Will Dean Become A Sitting Duck?

Late last year, a little-known Democratic Presidential candidate confided deep misgivings about his party’s revamped nomination process. The would-be Bush

Late last year, a little-known Democratic Presidential candidate confided deep misgivings about his party’s revamped nomination process. The would-be Bush challenger worried that by accelerating the tempo of primaries and caucuses in 2004, the Democrats would make a decision they would later regret.

“In the past, when we’ve done this, settled on somebody quick, then you have buyer’s remorse,” he told The Boston Globe , one of very few media outlets interested in his opinions back then. “We’ve become a sitting duck for that.”

The candid Cassandra who issued that warning-well before his own surprising rise-was Howard Dean.

As the man now considered most likely to win the Democratic nomination, Dr. Dean can be forgiven if he has changed his mind about the merits of the primary schedule. He may find the subject quite amusing, because the changes in primary rules pushed through by party insiders were hardly designed to enable a candidacy like his own.

Apparently nobody anticipated that a grassroots, independent insurgent might so dominate early states like Iowa and New Hampshire as to become an almost unstoppable force. Yet such juggernauts have showed up in the history of both parties, overthrowing expectations and undoing well-laid plans. According to the conventional wisdom, that is what Dr. Dean’s skilled, energetic and passionate crusade seems to be on the verge of achieving next month.

The same sages who regard candidate Dean as virtually unbeatable in the primaries often suggest that he cannot possibly win the Presidency. On both counts, their pronouncements are premature.

Whether Dr. Dean would enhance or harm the party’s mixed prospects of defeating George W. Bush cannot be determined with any certainty. He would bring strengths as well as weaknesses to a national campaign. He credibly suggests that his small donors can compete with the wealthy Republican “Pioneers”-and that his hundreds of thousands of dedicated supporters could eventually rival the huge ground campaign being mounted by Karl Rove.

While the President easily defeats the former Vermont Governor when voters are asked to choose between them today, those figures don’t necessarily predict the outcome next November. Those same surveys reveal serious doubt about whether Mr. Bush deserves to be re-elected. Republican strategists often say that this election will be close no matter which of the leading Democrats is nominated.

But the advantage still belongs to the incumbent, so heed the warning offered by Dr. Dean when he was still obscure. If Democrats care most about winning back the White House, is he their most promising champion?

The outspoken, discursive style that has won Dr. Dean so many dedicated admirers occasionally trips him up with awful malapropisms and gaffes. He admits that too often his mouth outruns his mind.

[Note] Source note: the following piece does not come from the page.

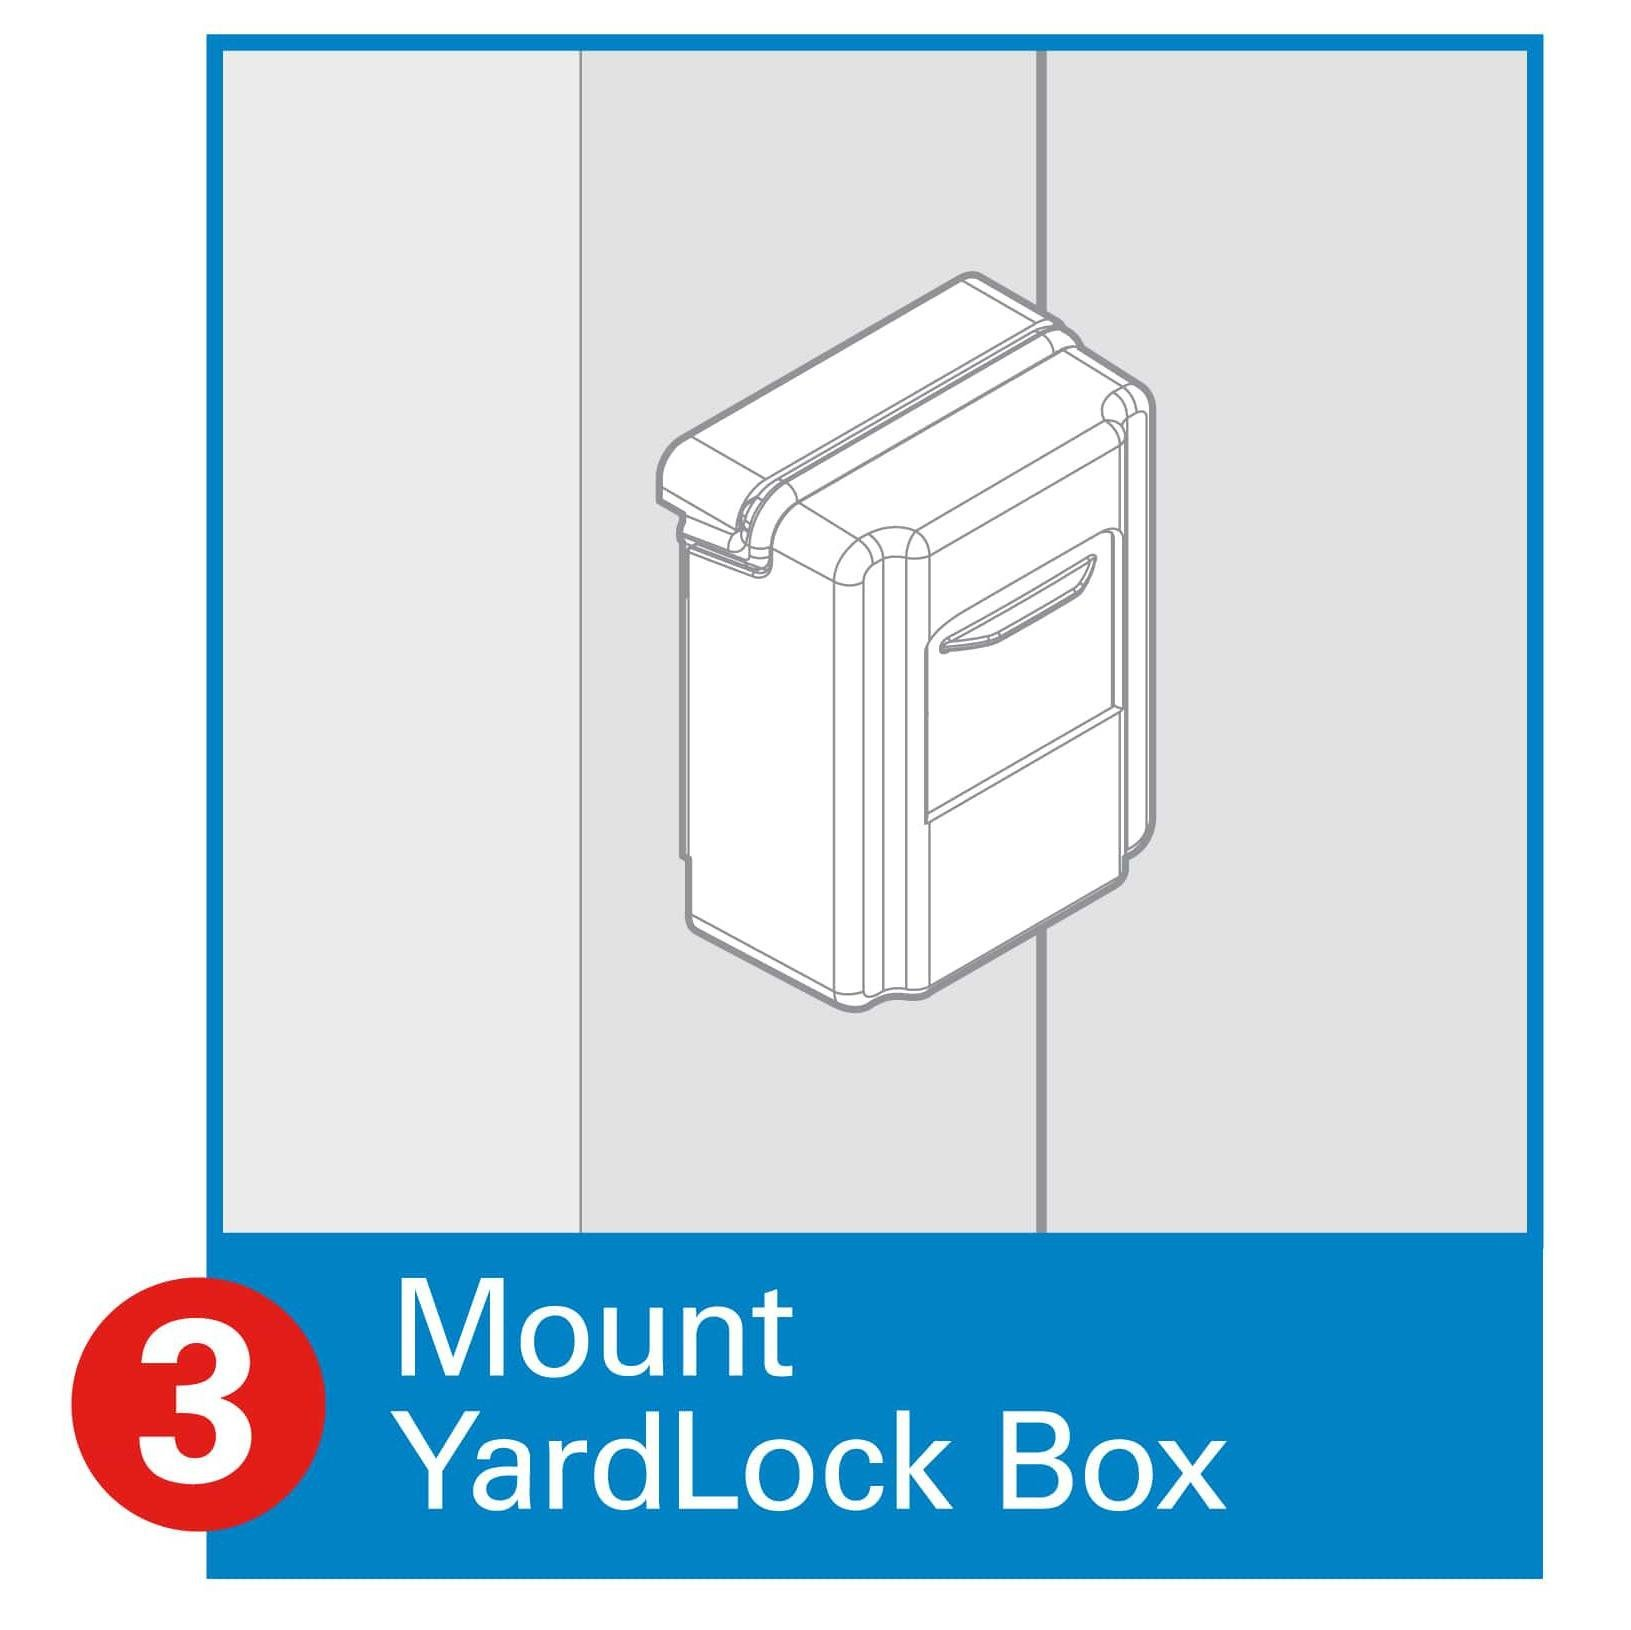 Yardlock Mbx 2016y 3esf In Black Amazon Com

Even though this President has lowered the bar on that score, any Democrat who runs against him will come under the kind of severe scrutiny that Mr. Bush has largely escaped. Ill-considered remarks on such topics as the current leadership of the “Soviet Union” will be repeated on an endless video loop.

Dr. Dean’s prickly personality and cultural distance from flyover country also provoke concern among Democrats who hope to defeat the faux-folksy President. But what deserves the most attention is how little we still know about the Democratic front-runner-and what we are only beginning to learn about him.

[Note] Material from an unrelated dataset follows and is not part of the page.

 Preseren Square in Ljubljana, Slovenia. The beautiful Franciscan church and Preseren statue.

Only lately, for example, has the news media examined Dr. Dean’s draft record during the Vietnam War, owing to the discovery of his late brother Charles’ remains in Laos. After winning a draft deferment due to a disabling back condition, the young Dean spent the following year on the ski slopes of Colorado. His snappy response explained little: “I took a physical, I failed a physical. If that makes this an issue, then so be it.” That won’t deflect the Bush camp’s inevitable attacks on his qualifications as commander in chief, despite the President’s own curious military service.

And what of Dr. Dean’s record in Vermont? He deserves credit for his successes, notably in expanding health-care coverage. But that isn’t the whole story-and the former governor seems determined to prevent reporters and opponents from looking at the state documents he placed under seal in 2002.

That may protect him until the primaries are effectively over. But how will he criticize Vice President Dick Cheney for meeting secretly with energy-industry lobbyists, if he won’t release the records of his own meetings with nuclear-power executives in Vermont? Dr. Dean replies sharply that Mr. Bush, too, hid his gubernatorial records. On this and many other issues, however, the national media will treat the challenger more skeptically than the incumbent.

Until now, the press has subjected Dr. Dean to little of the withering interrogation that is to come. The only certainty in this race is that any such indulgence will end on the day he clinches the nomination. Will Dean Become A Sitting Duck?